Item 1.                                Security and the Issuer

This Schedule 13D relates to the shares of Class A Common Stock of Smurfit-Stone Container Corporation (the “ Issuer ”).  The principal executive offices of the Issuer are located at 222 N. LaSalle Street, Chicago, Illinois 60601.

Item 2.                                Identity and Background

(a)   This Schedule 13D is being filed by:

(i)   Third Point LLC, a Delaware limited liability company (“ Third Point ”), and Daniel S. Loeb (“ Mr. Loeb and, together with Third Point, the “ Third Point Reporting Persons ”);

(ii)   Royal Capital Management, LLC, a Delaware limited liability company (“ Royal Capital ”), Yale M. Fergang (“ Mr. Fergang ”) and Robert W. Medway (“ Mr. Medway and, together with Royal Capital and Mr. Fergang, the “ Royal Capital Reporting Persons ”); and

(iii)   Monarch Alternative Capital LP, a Delaware limited partnership (“ Monarch ”), MDRA GP LP, a Delaware limited partnership (“ MDRA GP ”), and Monarch GP LLC, a Delaware limited liability company (“ Monarch GP ” and, together with Monarch and MDRA GP, the “ Monarch Reporting Persons ”).

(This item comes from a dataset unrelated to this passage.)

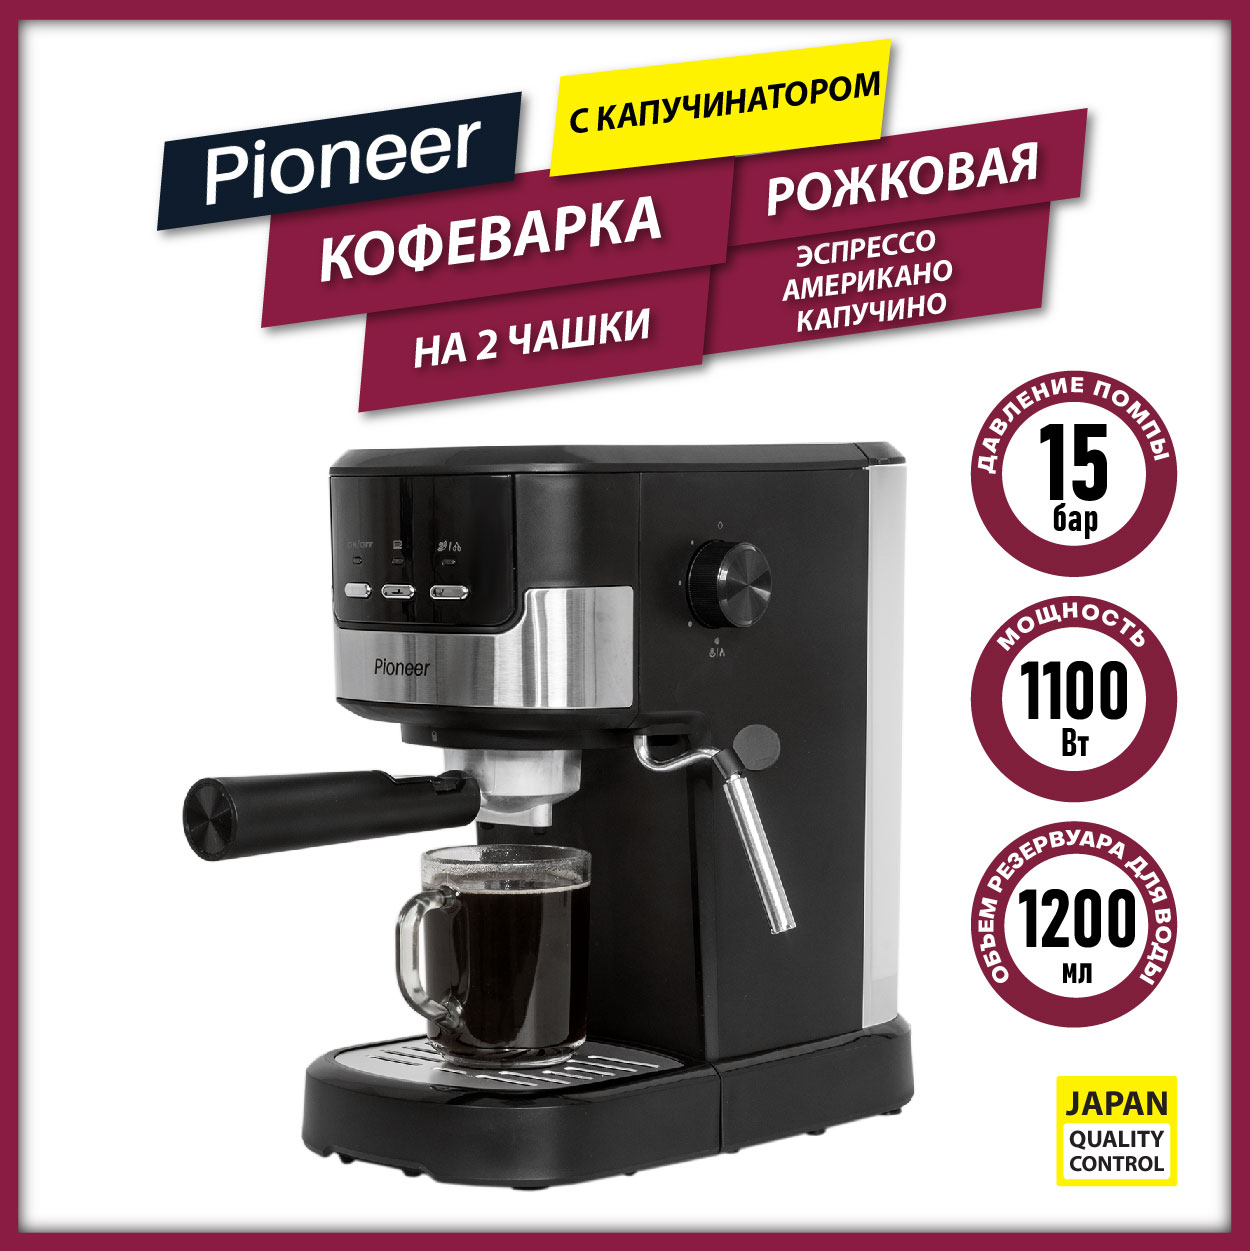 Рожковая кофеварка Pioneer CM107P

Each of the Third Point Reporting Persons, the Royal Capital Reporting Persons and the Monarch Reporting Persons are hereinafter sometimes collectively referred to as the “Reporting Persons.”

Schedule I hereto set forth lists of all of the directors and executive officers or persons holding equivalent positions of Monarch GP (the “ Scheduled Persons ”, each a “ Scheduled Person ”).

(b)
(i)           The principal business address of the Third Point Reporting Persons is 390 Park Avenue, 18 th Floor, New York, NY 10022;

(ii)           The principal business address of the Royal Capital Reporting Persons is 661 Fifth Avenue, 24 th Floor, New York, NY 10022; and

(iii)           The principal business address of the Monarch Reporting Persons is 535 Madison Avenue, New York, NY 10022.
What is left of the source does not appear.